Marilla Walker! I approached Marilla to see if she would be up for collaborating. I love her patterns and approach to making. It’s also as a way of extending the creative, handmade possibilities of the book for those who buy it. It’s an entirely handmade and local vision. It means if someone likes the whole outfit, they can make the lot. The sewing patterns don’t come with the book, you have to go to Marilla for those. She sewed them all and we used them for the shoot. I got to keep a few of the things, which is an extra lovely memory of the collaboration. Last week when I was at the supermarket, the woman at the checkout complimented me on my coat and I got to beam and say, ‘my friend made it’. Then we had an ace conversation about the importance of making things and feminism.
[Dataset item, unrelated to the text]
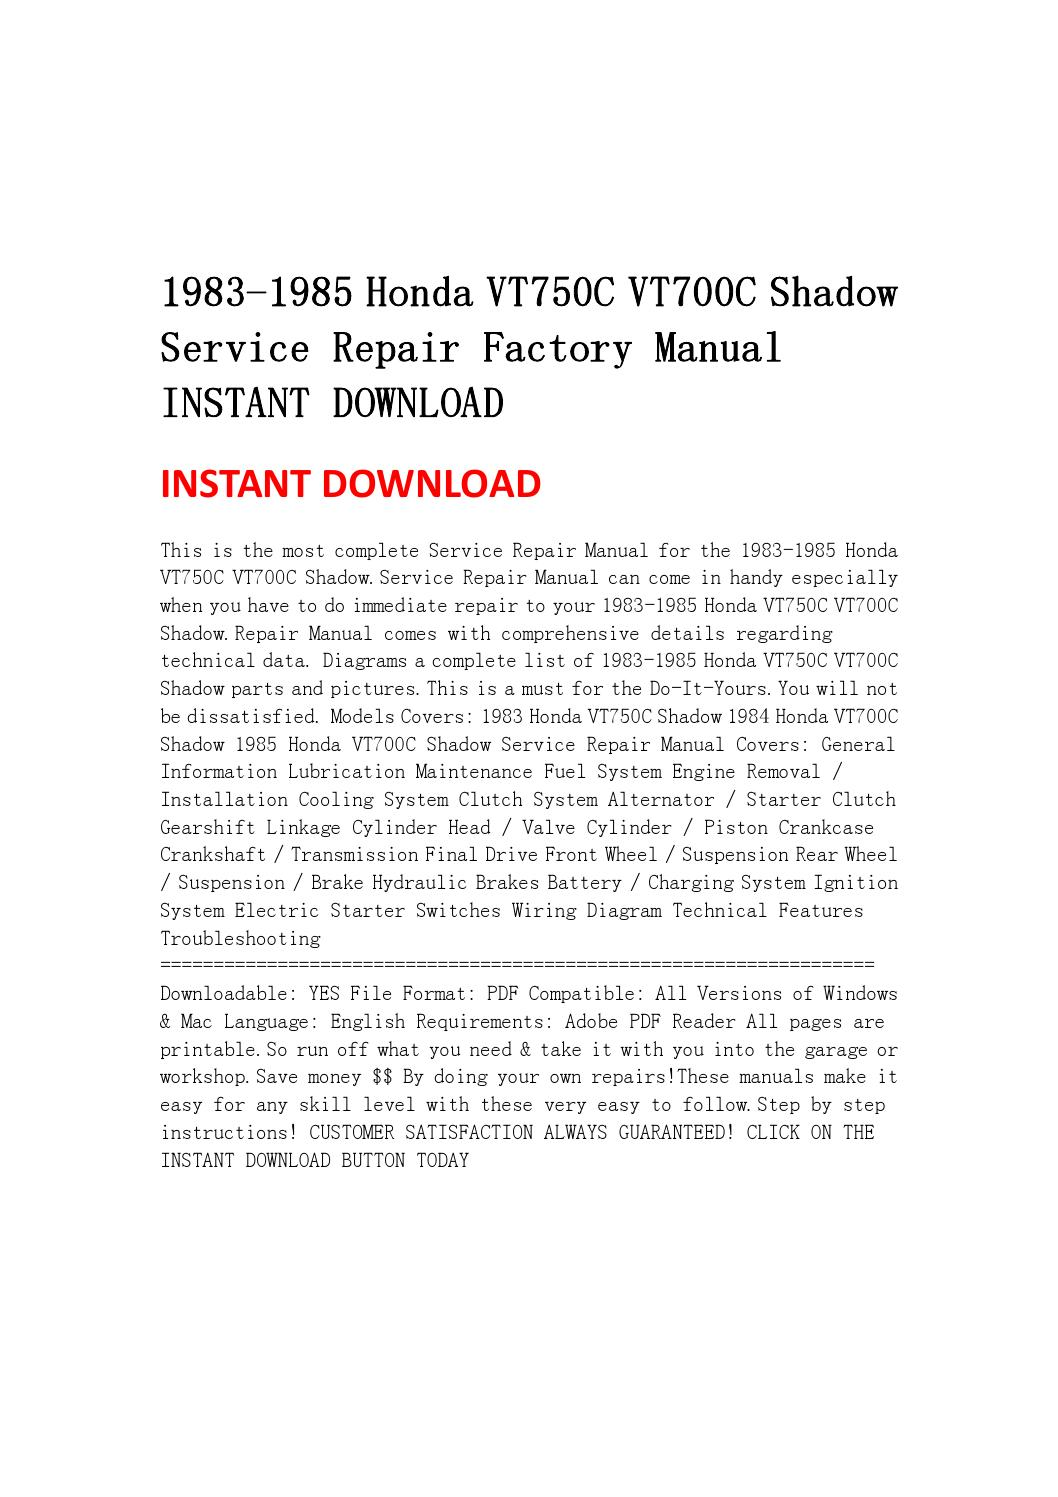 Page on 1984 Honda Vt700c Shadow Diagram

Did you work with a publisher?
I decided to do it myself again. After learning the ropes with Penguin: A Knit Collection, I wanted to put all that knowledge to repeat use. Many things were a lot easier this time around. I knew so much more, but of course new things came up. It took a lot longer than I thought. I beat myself up about that until I realized Marlisle: A New Direction in Knitting is double the size: Penguin was 80 pages and this one is 160. Kristin has warned me that if I double it again, she’s off.
The two folks most involved in making this possible have been Adam Rompel (aka Mr. Sweaterspotter) and Kristin Blom. You’ll see Adam modelling, but generally, he’s there as all round life and tech support – we’re a good team. Kristin has provided the smart, satisfying and knitterly design layout of the book adding fun, geometric illustrations to the pages, as well as all sorts of moral and intellectual support behind the scenes. I couldn’t do what I do without each of them.
Why make a book?
Books are wonderful things. They are such a comforting way to experience images and ideas. It’s a really nice way for me to be able to guide how you experience my patterns. Something about the tactility of a book goes well with knitting. You can scribble on them too – I made sure the paper I used was write-on-able. I love finding old knitting patterns in charity shops with someone’s notations on them (about how they tweaked the pattern or just kept track of their progress). And it’s lovely to get a nice package through the post, even if you did order it for yourself.
Will the patterns be available to purchase individually as downloads?
Maybe one day. I didn’t make any of the Penguin patterns available individually until their second anniversary. Making a book is a huge gamble and investment, both in regards to the time and work put in, but also the finances of doing a print-run big enough to makes sense. I suppose I’m a little scared that I’d be left with a studio full of books if I had both options. Mostly though, it’s because I’d like it to be experienced in book form, because that’s what we’ve worked so hard to make. Seeing and feeling a real book IS a different experience. Kristin and I did a lot of thinking about how to make this a really joyous book to hold and use. Of course, if we’d had a bigger budget to play with, it would be a hardback and come with a secret gin compartment.
You’ve suggested hashtags to use for each pattern in the book. Isn’t knitting too old fashioned for something as zippy as hashtags?
A big portion of the knit community has been really quick to adopt all manner of new technology. I think we’re inherently a social lot and digital technology is just another way to communicate. A good portion of my knitting community has its hub on Instagram and the hashtags make it easy for us to find and celebrate each other’s projects. Plus I’m really curious to see what people make from my patterns and this will help me find them. I wouldn’t write patterns if I wasn’t!
Celebrating! I’m excited to see Marlisle and the book go out into the world. I am so curious to see whether people will connect to the technique as much as I have. I find it so inspiring. Marlisle is simple and visually guided, yet creates so many possibilities.
See you at the party Ja, Wol is giving for me and the book on the 23rd of Febrary!!
After the party we'll start a Marlisle KAL. Rules will be specified in our Ja, Wol group on Ravelry, but we love the thought of using one yarn from stash and one local yarn. Meaning locally produced or bought from your LYS.